The recent row over AMU came to light when Aligarh’s Member of Parliament Satish Gautam wrote a letter to the Vice-Chancellor of AMU objecting to Jinnah’s portrait in the office of AMU student’s union. The response which came from Shafey Kidwai was shocking, to say the least, as the AMU spokesman defended the portrait. Shafey Kidwai said that the portrait had been hanging in the student’s union office for decades, adding that Jinnah was a founding member of the University court and had been granted lifelong membership of the union. Trying to justify Jinnah’s portrait, he also added that Mahatma Gandhi, C. Rajagopalachari, Sarojini Naidu and C.V. Raman, amongst others were the ones whose portraits were displayed in the AMU student’s union office. All these people had been awarded life membership by the AMU students body and it was a tradition to display the portraits of the life members.
In his eagerness to justify the portrait of Jinnah, the AMU spokesman forgot that Jinnah was the only name amongst Mahatma Gandhi to Sarojini Naidu who could be accused of mass murder and atrocities committed on people on such a large scale. No leader whose portrait hung in AMU could be accused of dividing society along religious lines other than Jinnah. It is a shame that the portrait of a leader who tore away chunks of India should be hung in the rooms of a university which is run by Indian tax payers’ money.

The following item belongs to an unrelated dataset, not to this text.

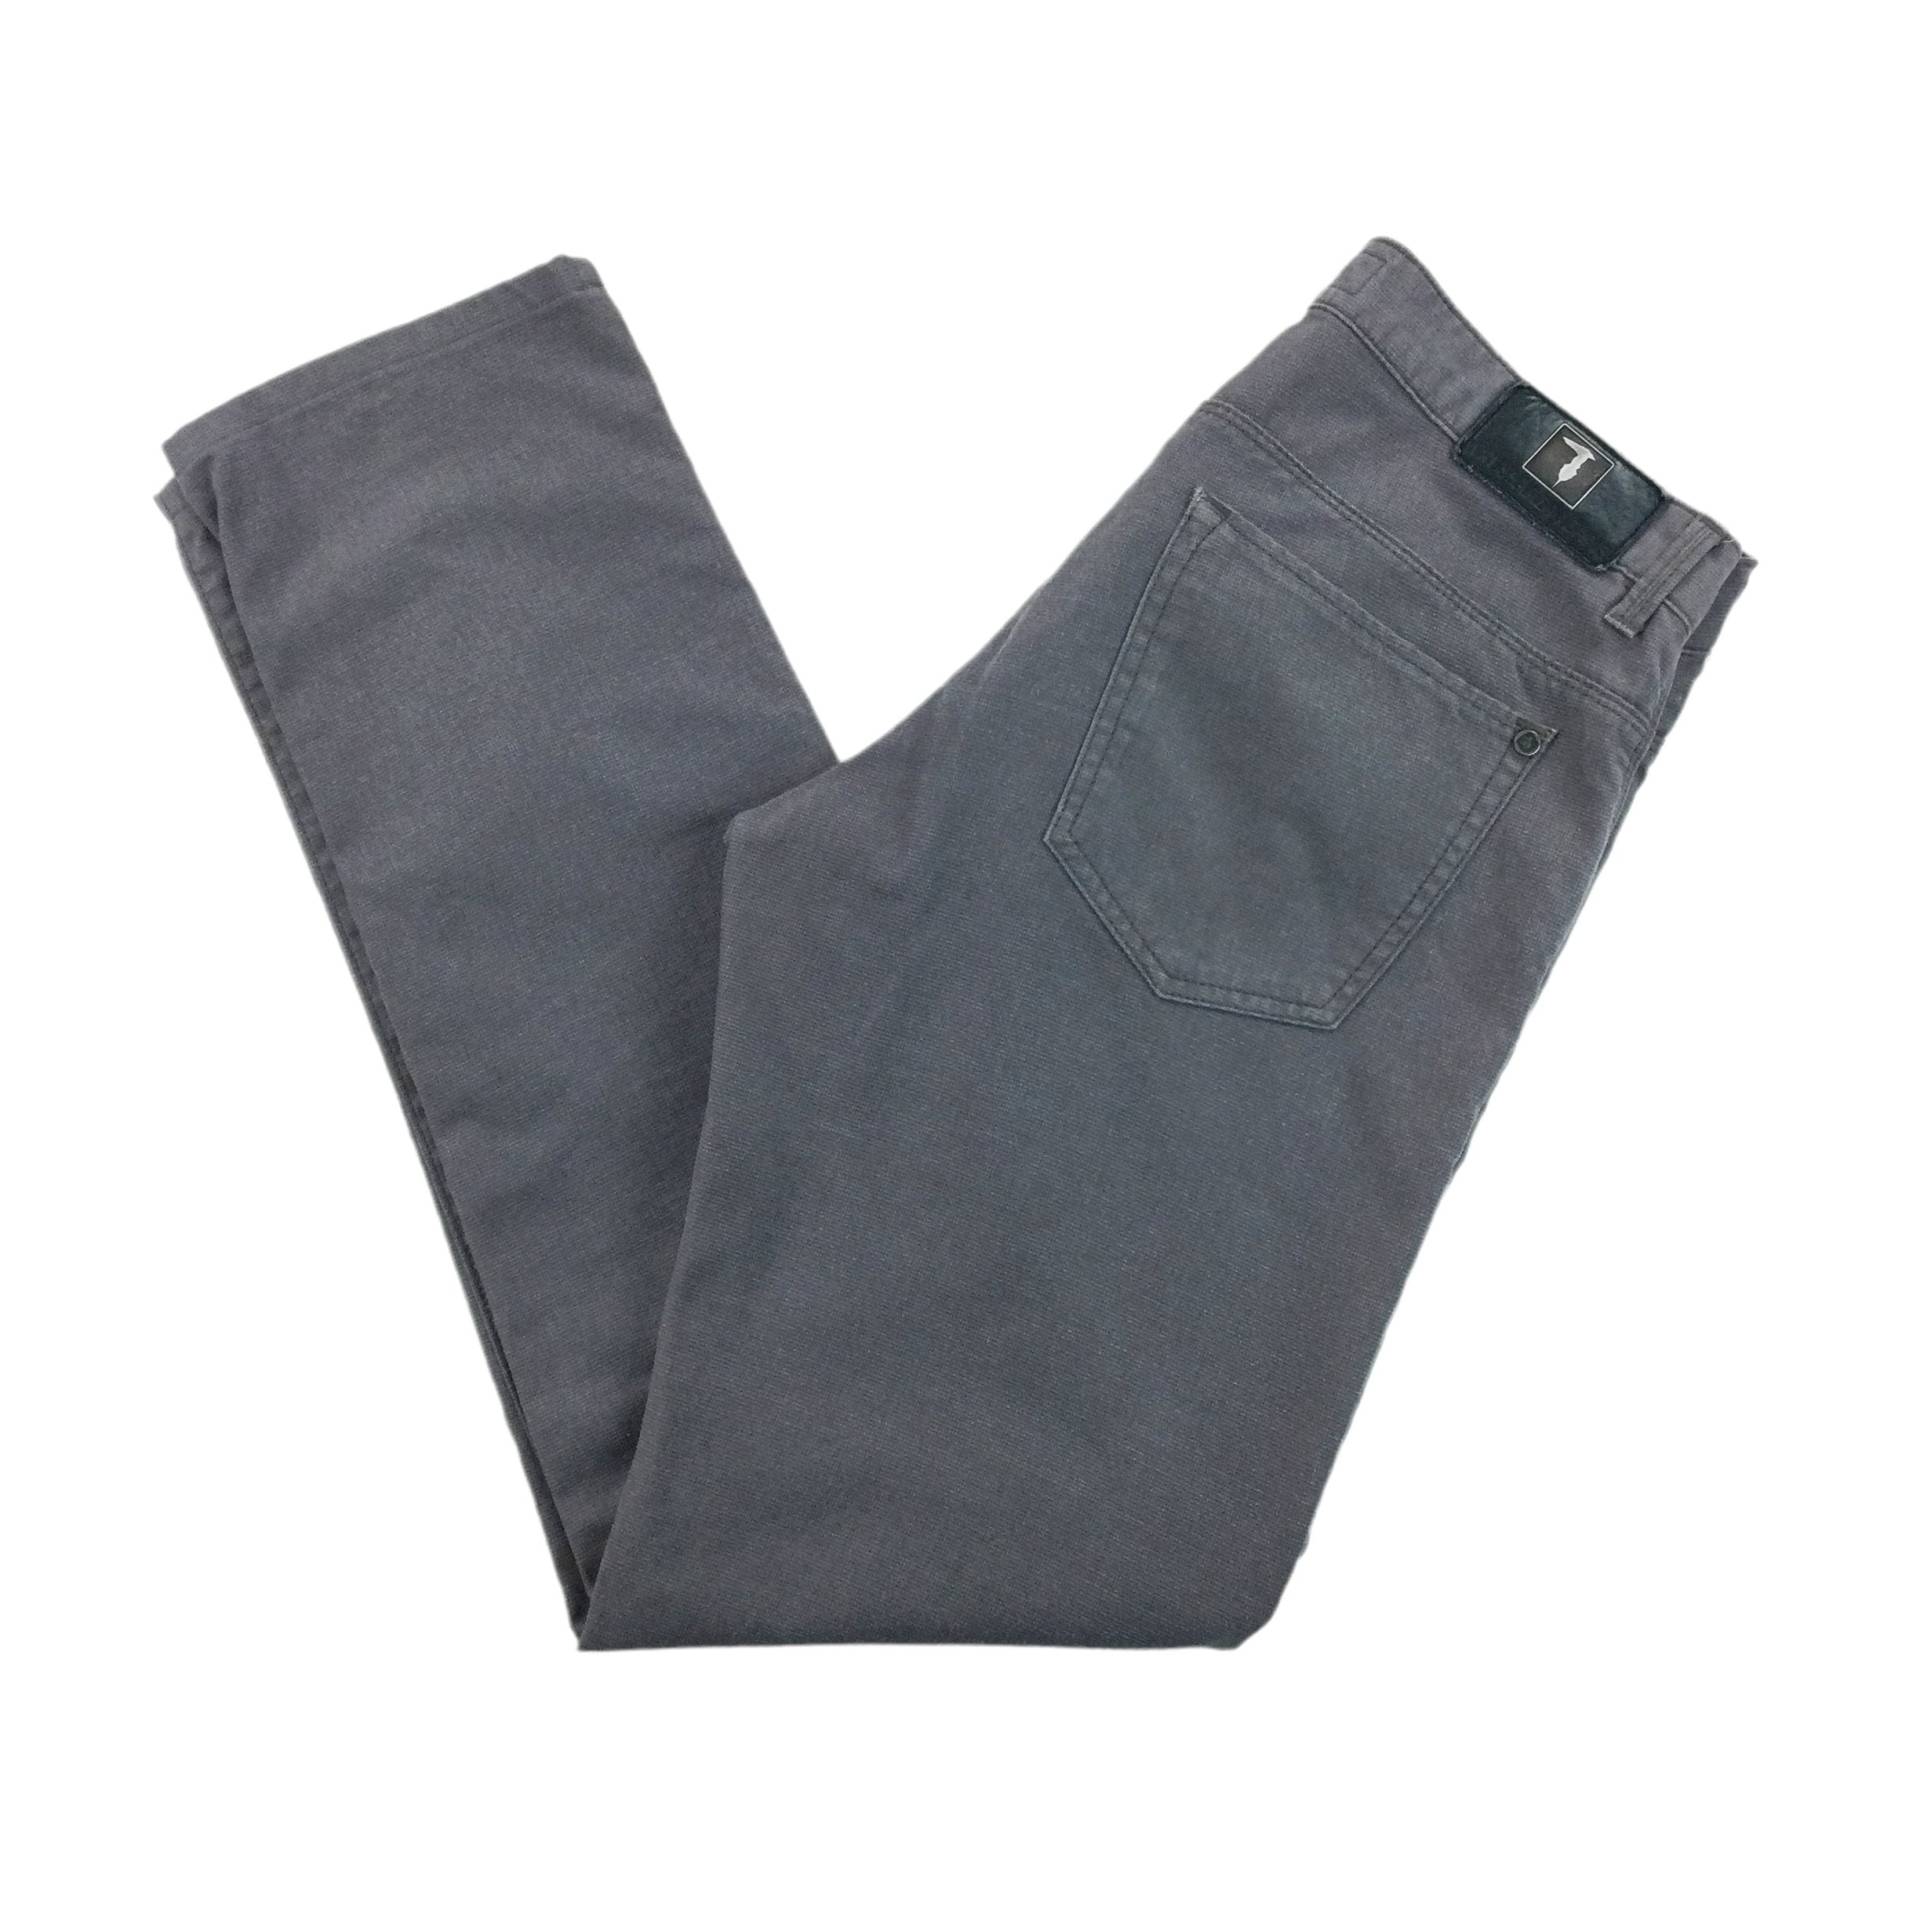 Vintage Herren Trussardi Jeans - W33 L32 Größe Hose Gebrauchte Unterseite von aloisstudio
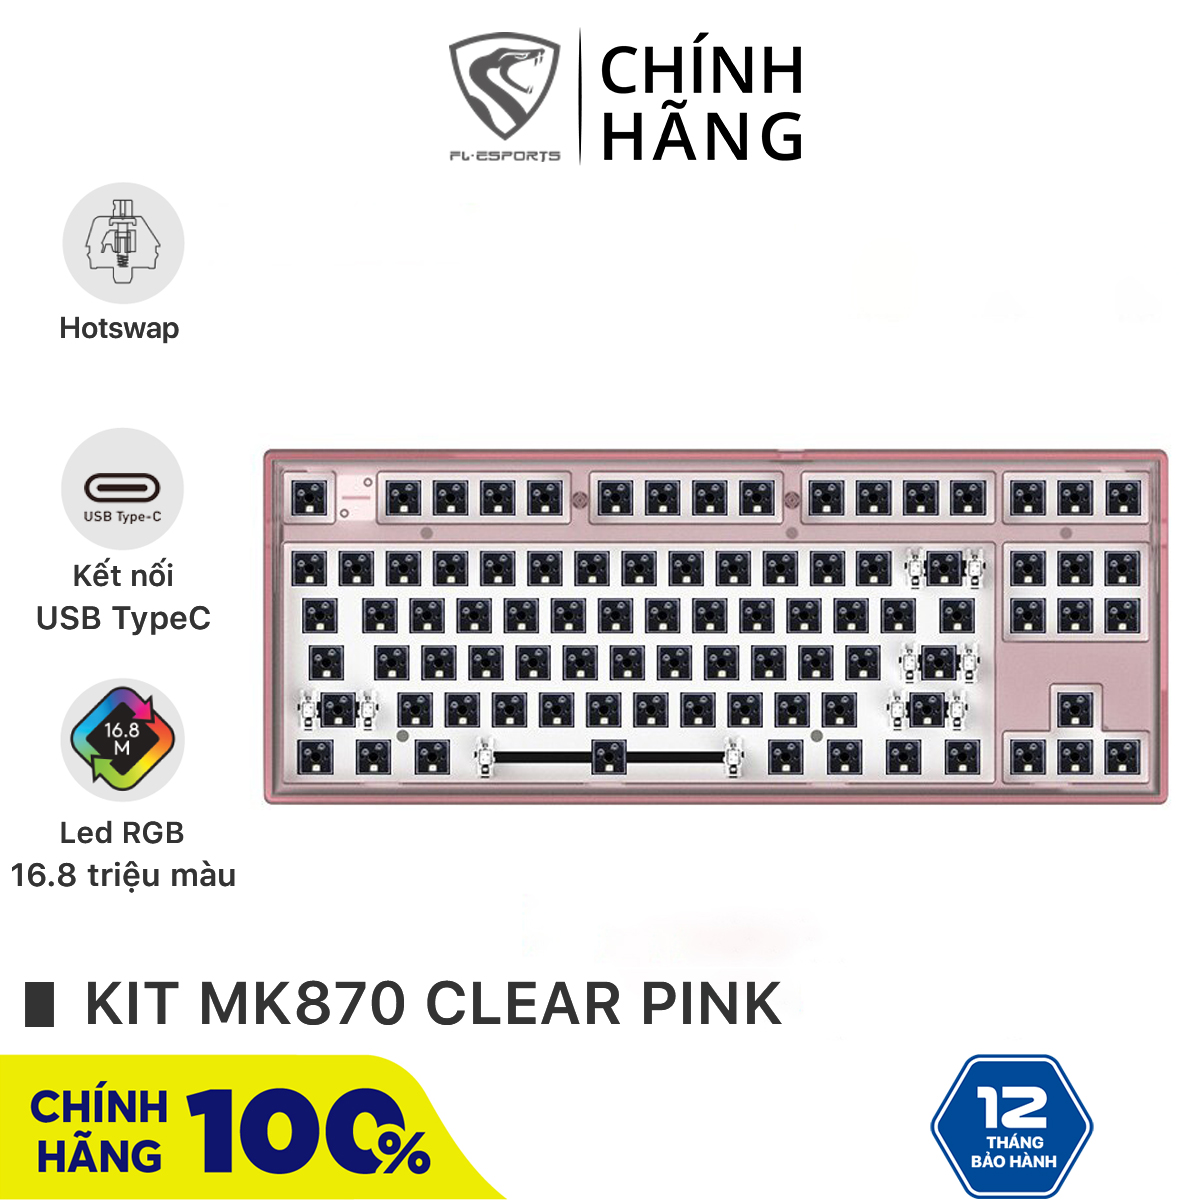 Bộ kit bàn phím cơ FL-Esports MK870 1 Mode Clear Pink - Hotswap - Led RGB - Sẵn foam - Bảo hành 12 tháng

The apt response would be to take his portrait out and bury it somewhere far-off. Indian students should not grow up idolising a man who put the country through hell for his own greed. The decision taken by Indian Council for Cultural Relations (ICCR) in February 2018 to renovate and use Jinnah’s former residence in Mumbai for diplomatic events must be taken as a burning example. The ICCR decision came despite numerous frowns by the Pakistan government which wanted the house to be transferred to the Pakistani government. The property named South Court has been renovated and will be used for diplomatic purposes by the Indian government. The AMU students’ body along with the administration must take these things into account before it decides to display Jinnah’s portrait. The defence that it had been hanging unchallenged till date is an empty and ridiculous one, which makes one wonder what the Congress and other party leaders were doing all these years. Why did they not challenge the display of the portrait of a murderer in an illustrious educational institution? We have to wait in order to find out what the Congress says and what the AMU student body does on this matter.